In some societies it is men who grow their hair long, while women shave their heads; it is men who wear perfume or make-up, wear dresses (I was teased at school for wearing a ‘skirt’, i.e. a kilt), who sit around gossiping while the women do all the hard physical labour. Nowadays ideas of the female gender are changing very fast, and women are becoming soldiers in the front line, taking on many of the roles and attributes of men.

In particular if you add ‘English’ to ‘woman’, you become even more unusual. An English woman is the heir to a Christian society, living in a certain country and fitting in with its laws and customs. Most of your ‘womanhood’ is a construct of a particular history.

For example, ‘being’ a woman in England today entitles you to equality before the law, control over your own body, the right to own property, the right to vote, the right to choose your own marriage partner, equal respect and an equal chance of going to heaven, if you believe in such a place. Yet ‘being’ a woman in almost all civilizations in history has automatically denied a woman all these things from birth.

You can speak a language which has fewer gender differences built into it than most other languages. For instance all nouns in languages such as French or Italian have to have their gender specified, while in traditional Japanese the superiority of men and inferiority of women was built into the language.

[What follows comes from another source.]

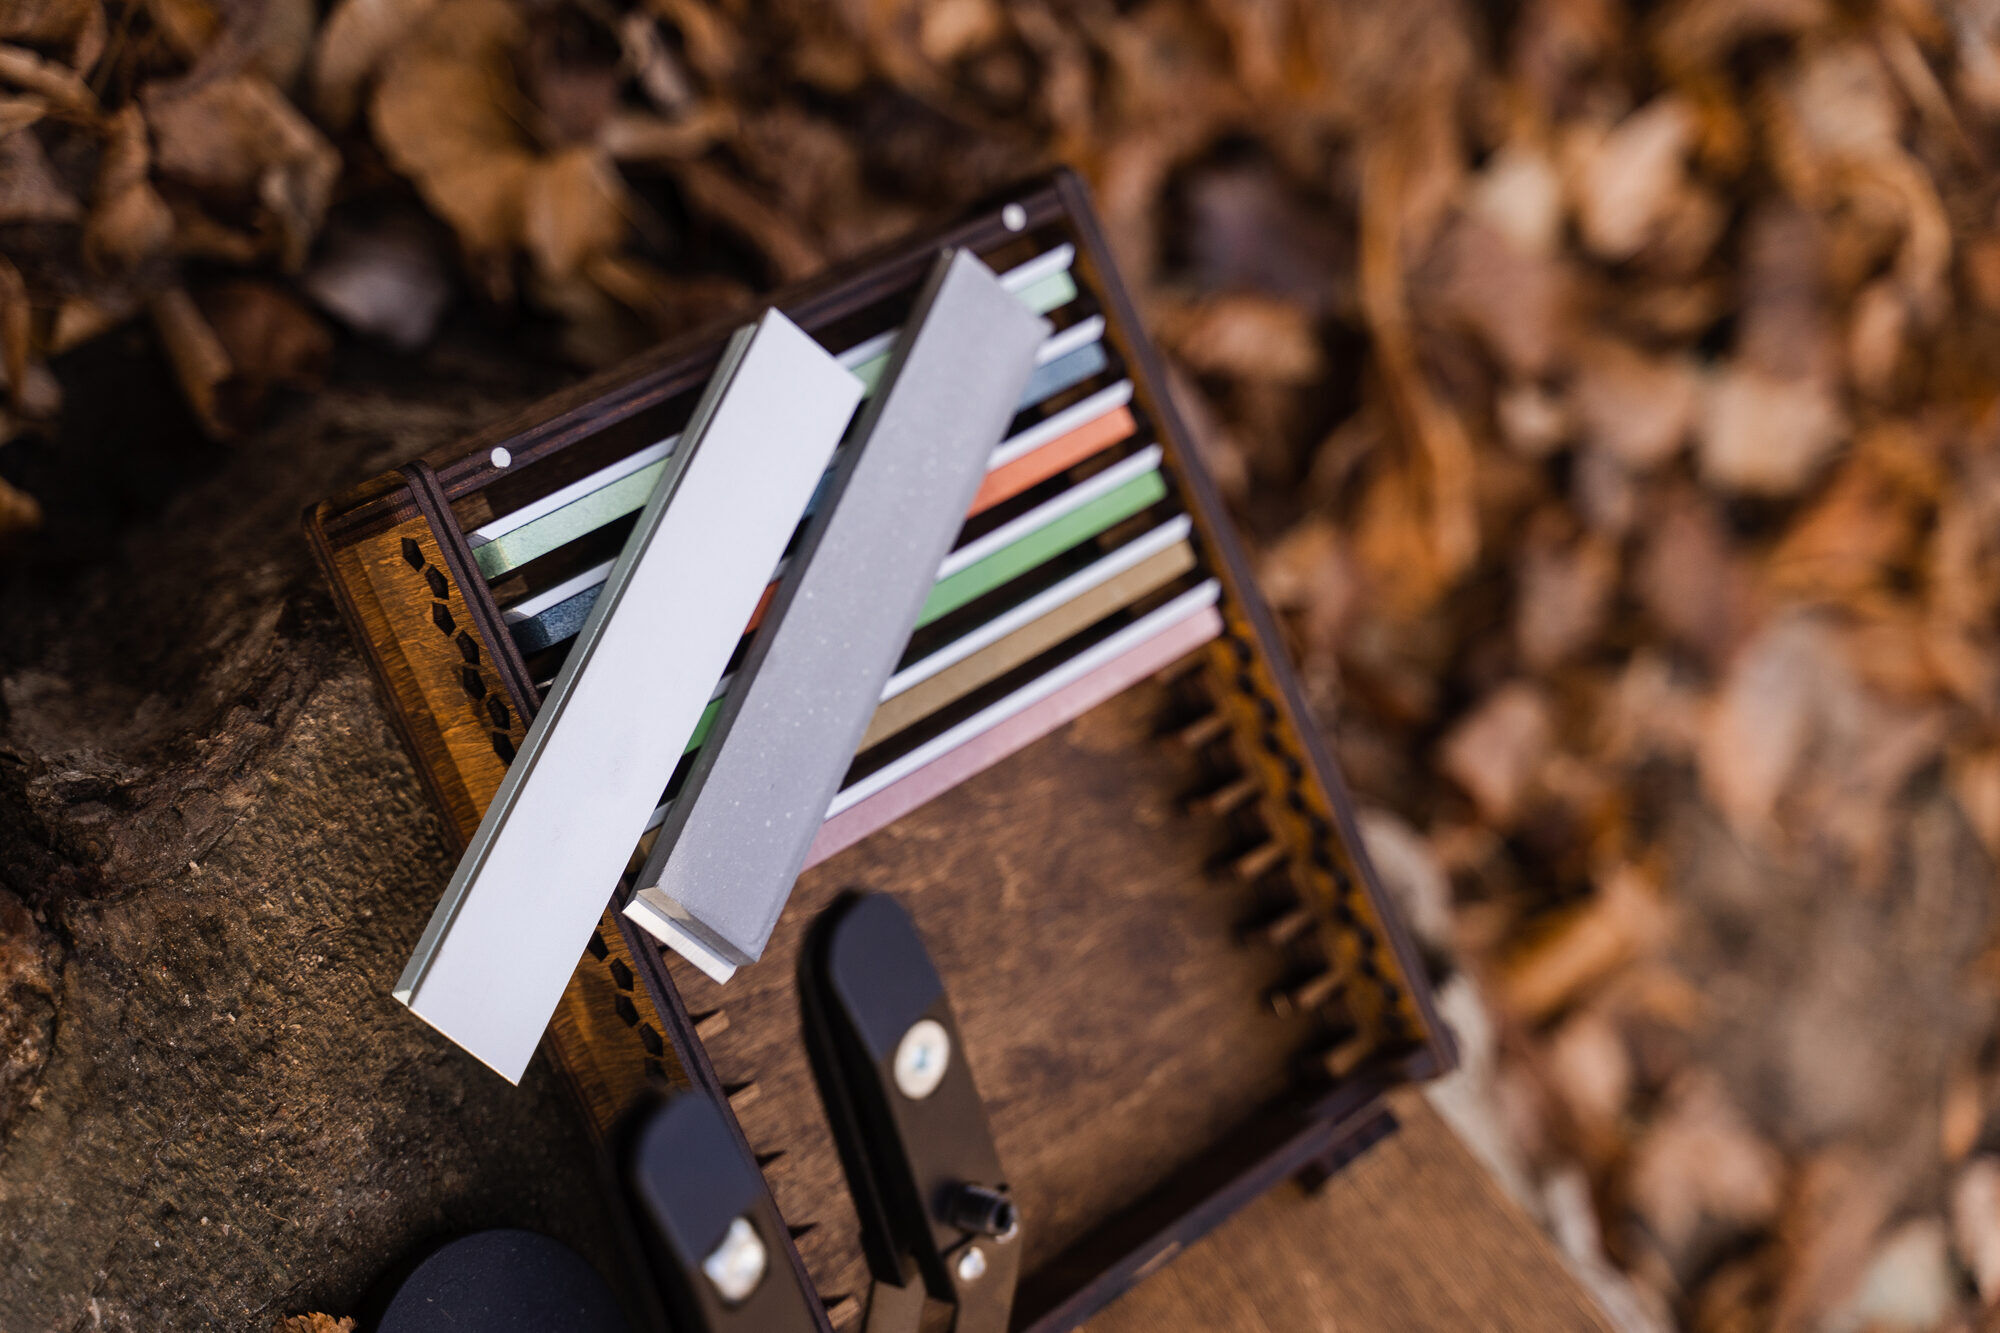 Professional knife sharpener kit.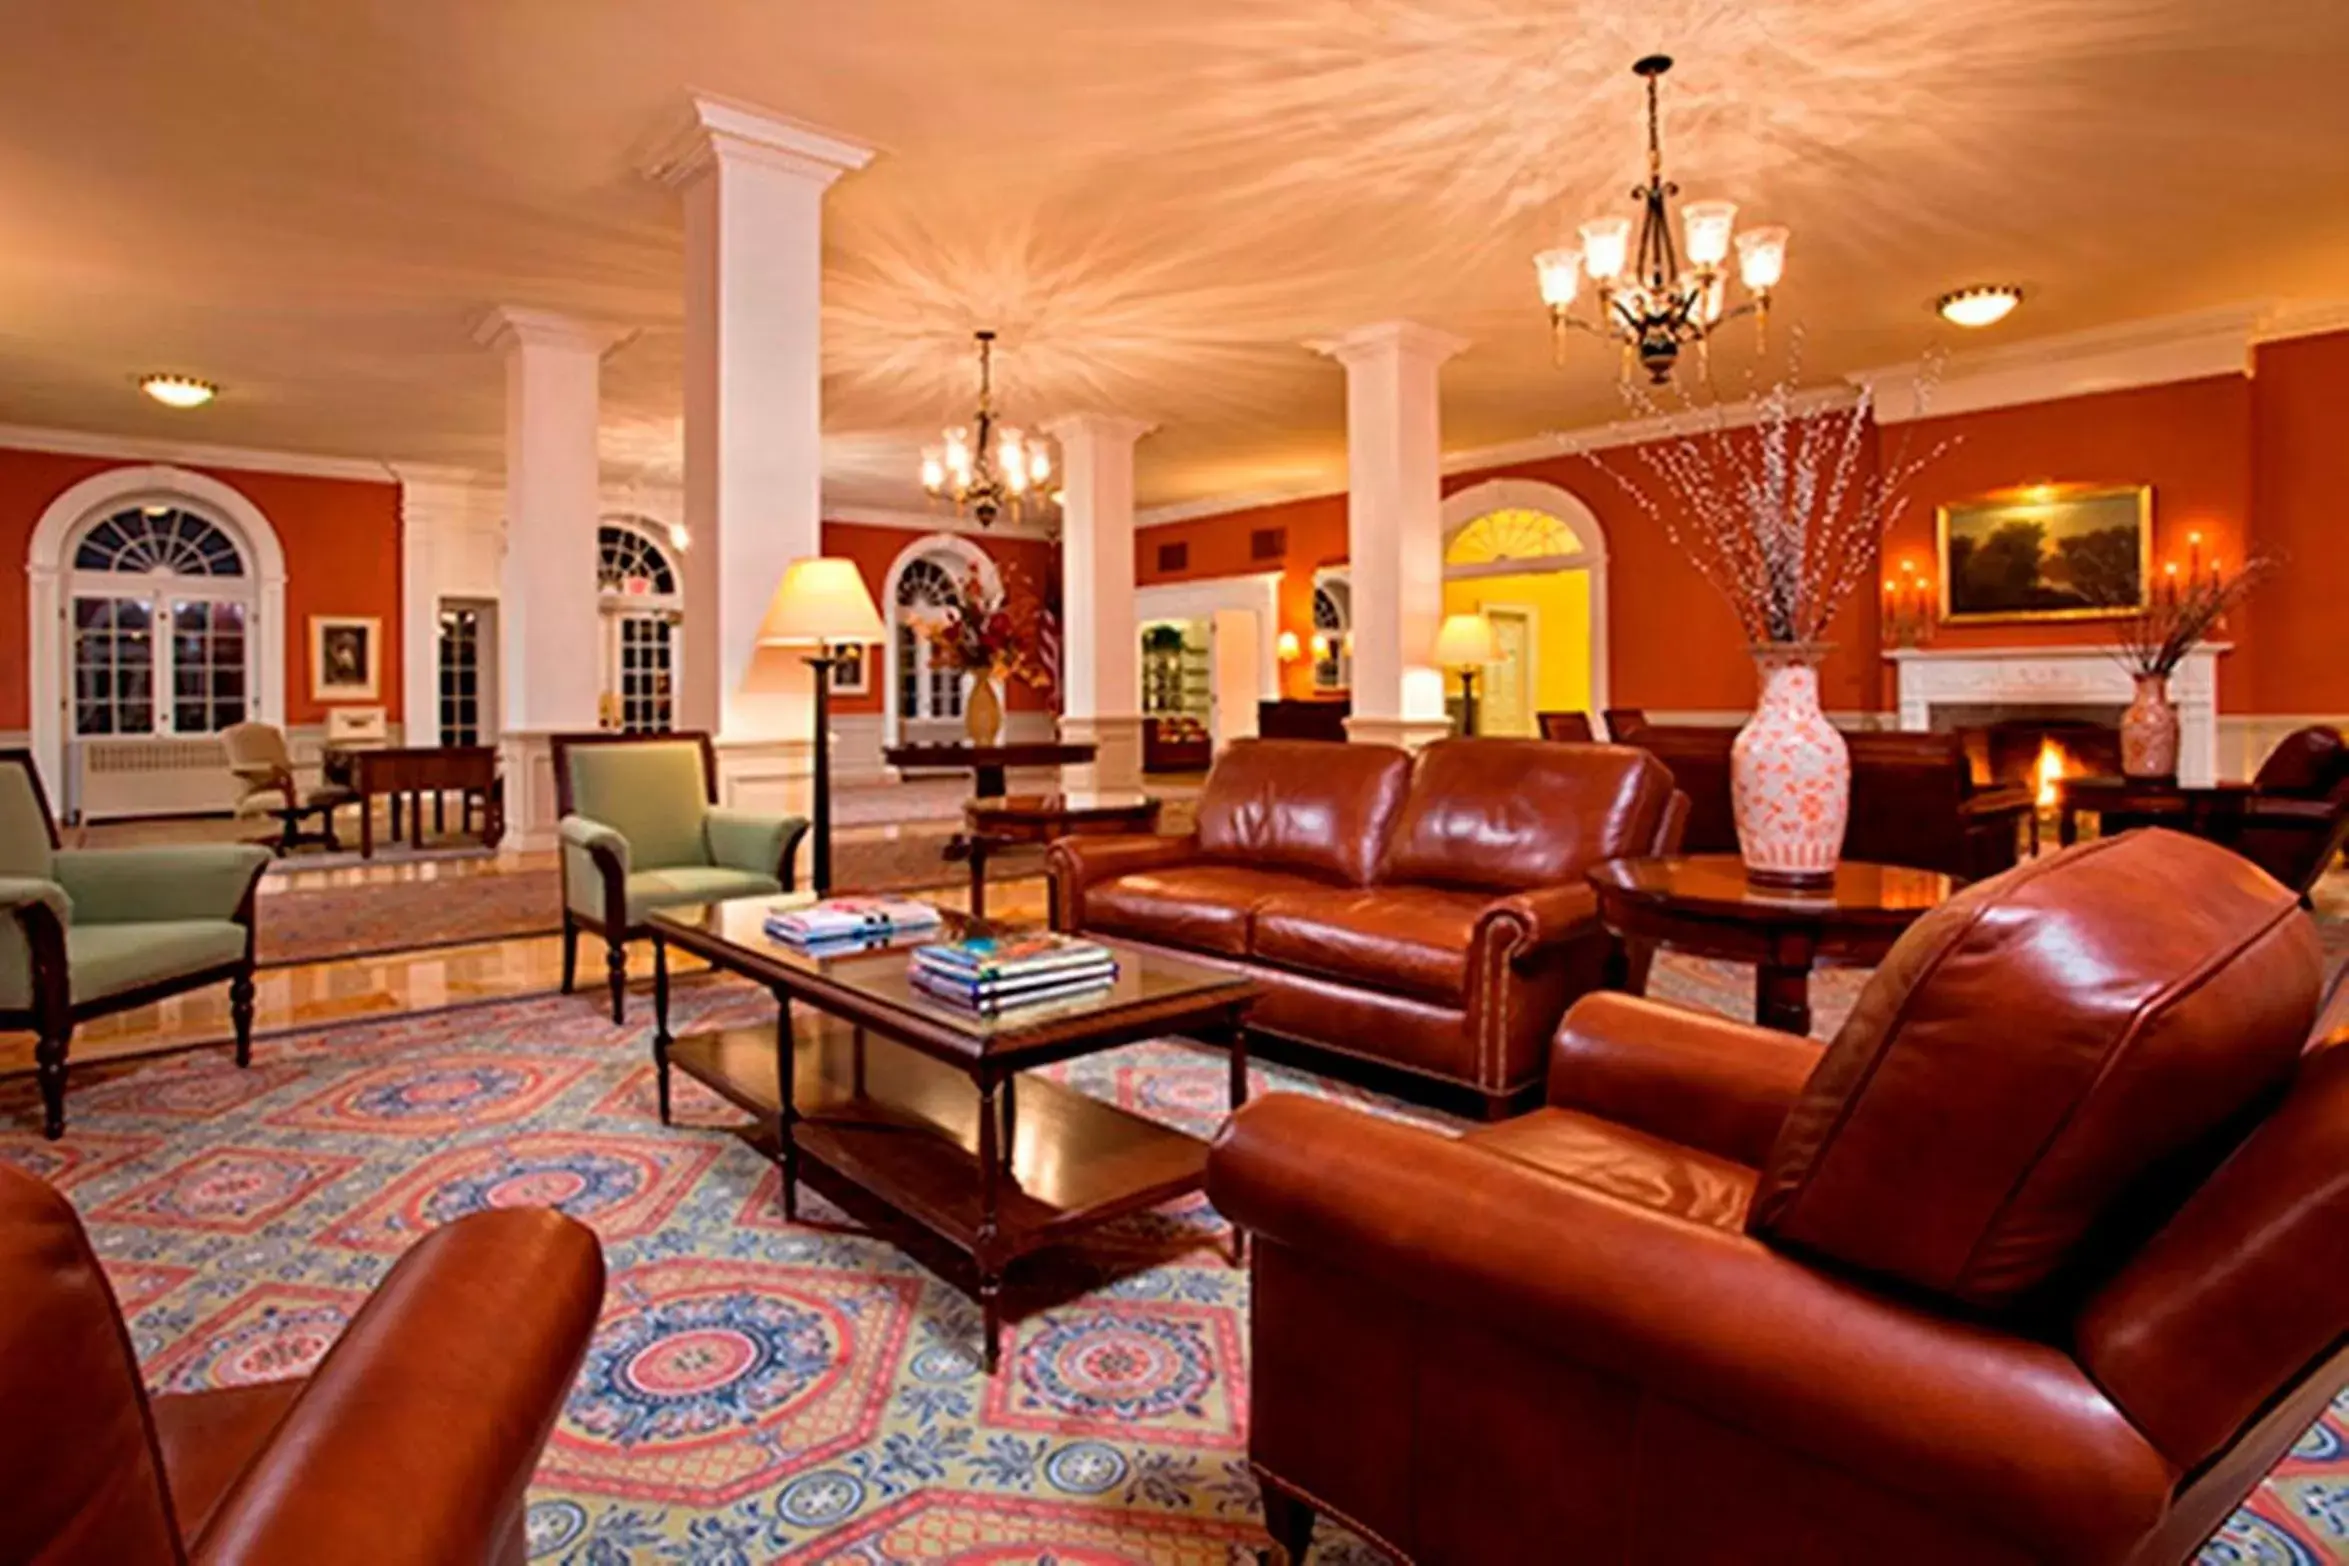 Lobby or reception, Lobby/Reception in Gideon Putnam Resort & Spa

So you are not just a woman, but a very particular and historically unusual kind of woman, who has been constructed by millions of random decisions and accidents over thousands of years. You are not an artificial robot, but you are certainly the product of huge random variations. This pressure occurs in every inter-action you have with every living person, in every moment you spend reading, watching television, in every sentence you speak and every thought you have.